What you have to do:
Although the records contain pictures, none belong in the copy: restate word for word only the lines from the one with "Suzuyo, Pair of" through the one with "(Asteraceae) and Its", both included.

Provided material:
++++++++++
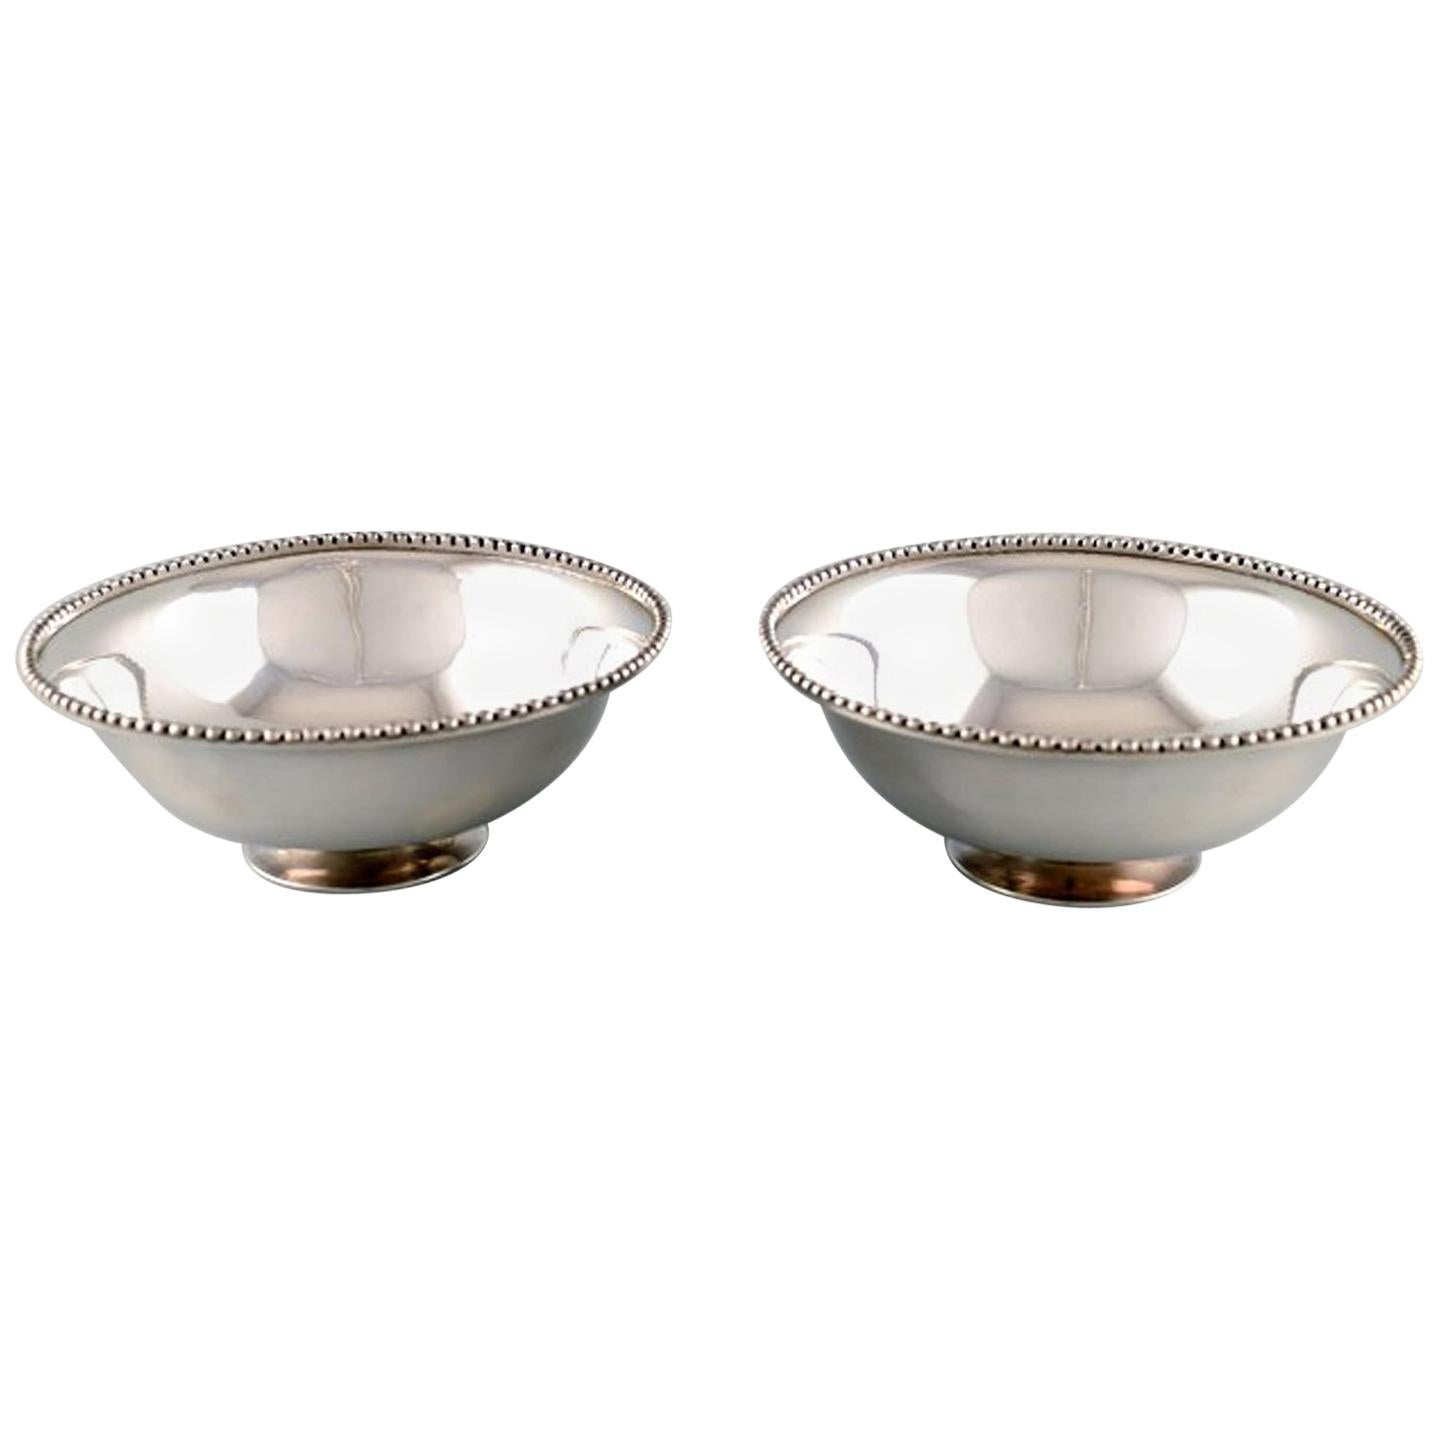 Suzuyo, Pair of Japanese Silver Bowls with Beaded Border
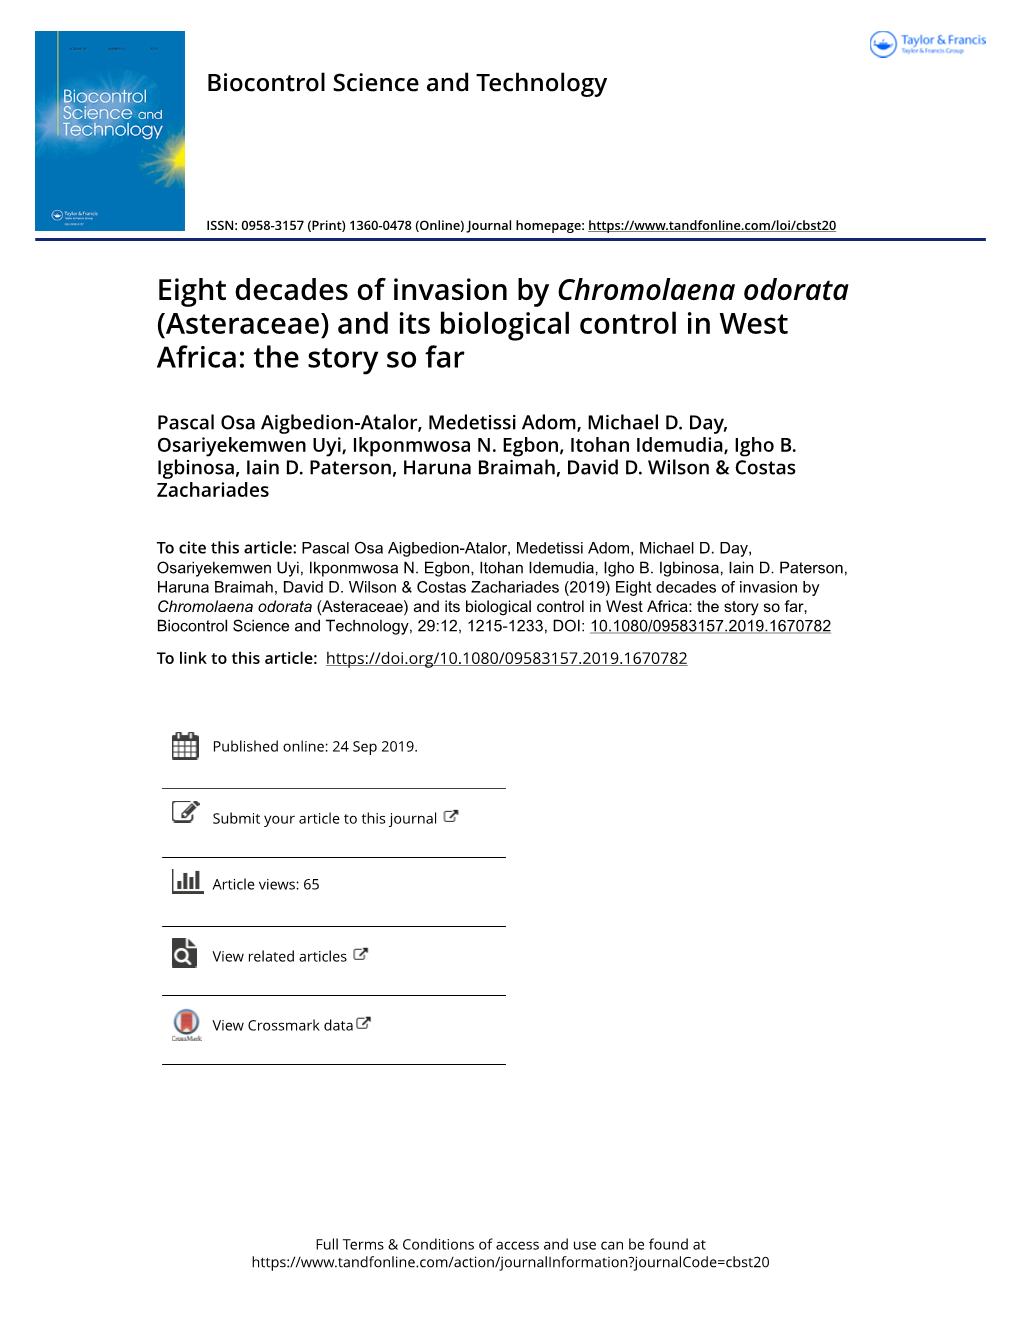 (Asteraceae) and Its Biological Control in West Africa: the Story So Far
++++++++++
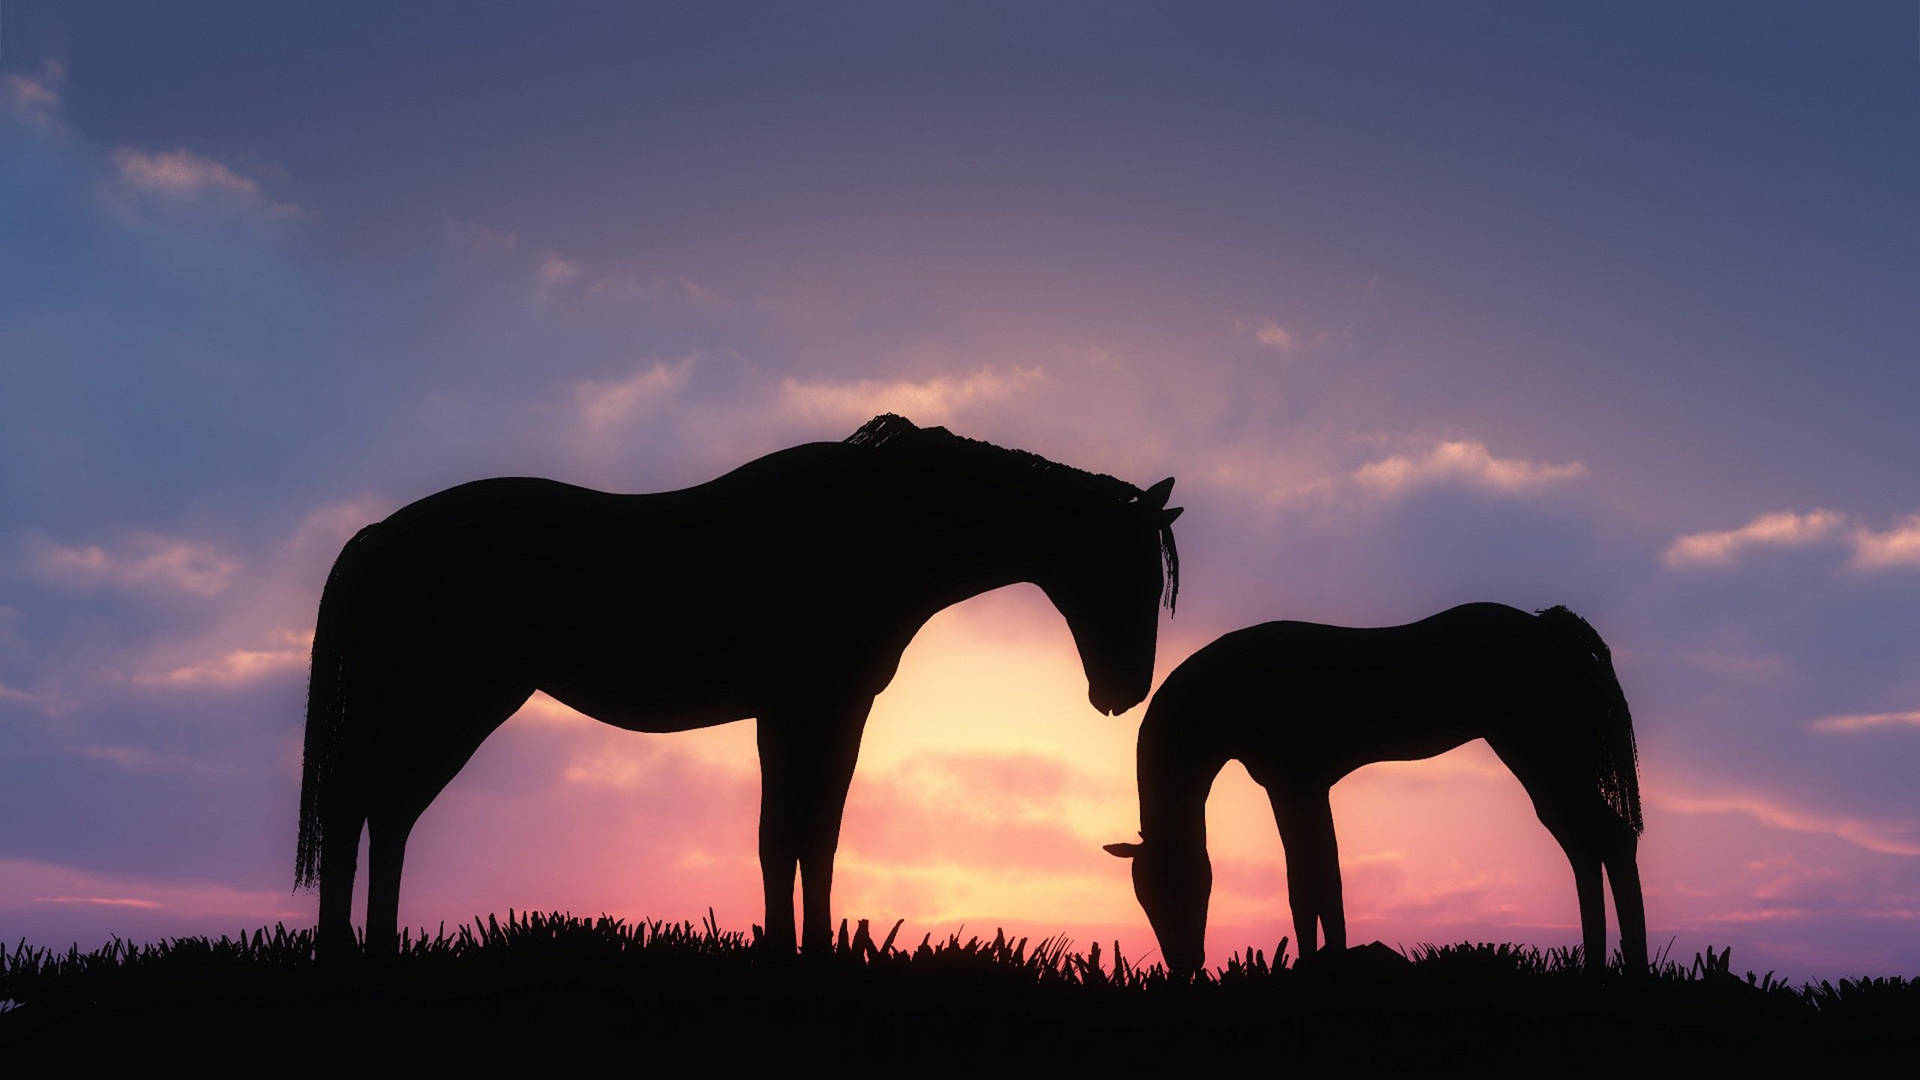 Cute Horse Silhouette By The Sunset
++++++++++
Your solution:
 Suzuyo, Pair of Japanese Silver Bowls with Beaded Border
 (Asteraceae) and Its Biological Control in West Africa: the Story So Far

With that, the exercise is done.